On the subject of range posters. How many of you have seen the How to Grip Your Pistol poster that has one image of the correct or preferred grip and then two or three images of the wrong or incorrect grip? Would it not be of greater benefit to the neophyte to just show the image of the correct way to hold the pistol and leave it at that?
Moral of the Story
One of my favorite quotes about training comes from a doctor and it has nothing to do with guns. I found the quote from Dr. Jeffery Guy, MD MSc EMT-P in the PHTLS (Prehospital Trauma Life Support) Manual; “Repetition of error is not experience.”
What that simple quote means is that just because you have been doing something for a long time does not mean it’s either correct or the best way to do it.

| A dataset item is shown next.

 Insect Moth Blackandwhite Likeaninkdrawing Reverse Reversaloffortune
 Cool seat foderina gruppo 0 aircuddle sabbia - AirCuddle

Just because there are a thousand posters showing the wrong way to do something doesn’t make them right. Just because we have been demonstrating how not to do things to our students or, just as bad, teaching them superfluous or extraneous movements does not mean that is the best way to teach a new shooter or even an experienced one.

In his Book of Five Rings, Miyamoto Musashi states in the final chapter, “If you know something, you know something. If you do not know something, it does not exist in your world. In the universe, no-thing-ness is not a thing that is true and not a thing that is not true.” If a student doesn’t know how to do something wrong or incorrectly, it doesn’t exist in his world. What benefit is there for the student for you to introduce the incorrect or wrong way to their world?
Paul G. Markel is a combat decorated United States Marine veteran. He is also the founder of Student the Gun University and has been teaching Small Arms & Tactics to military personnel, police officers, and citizens for over three decades.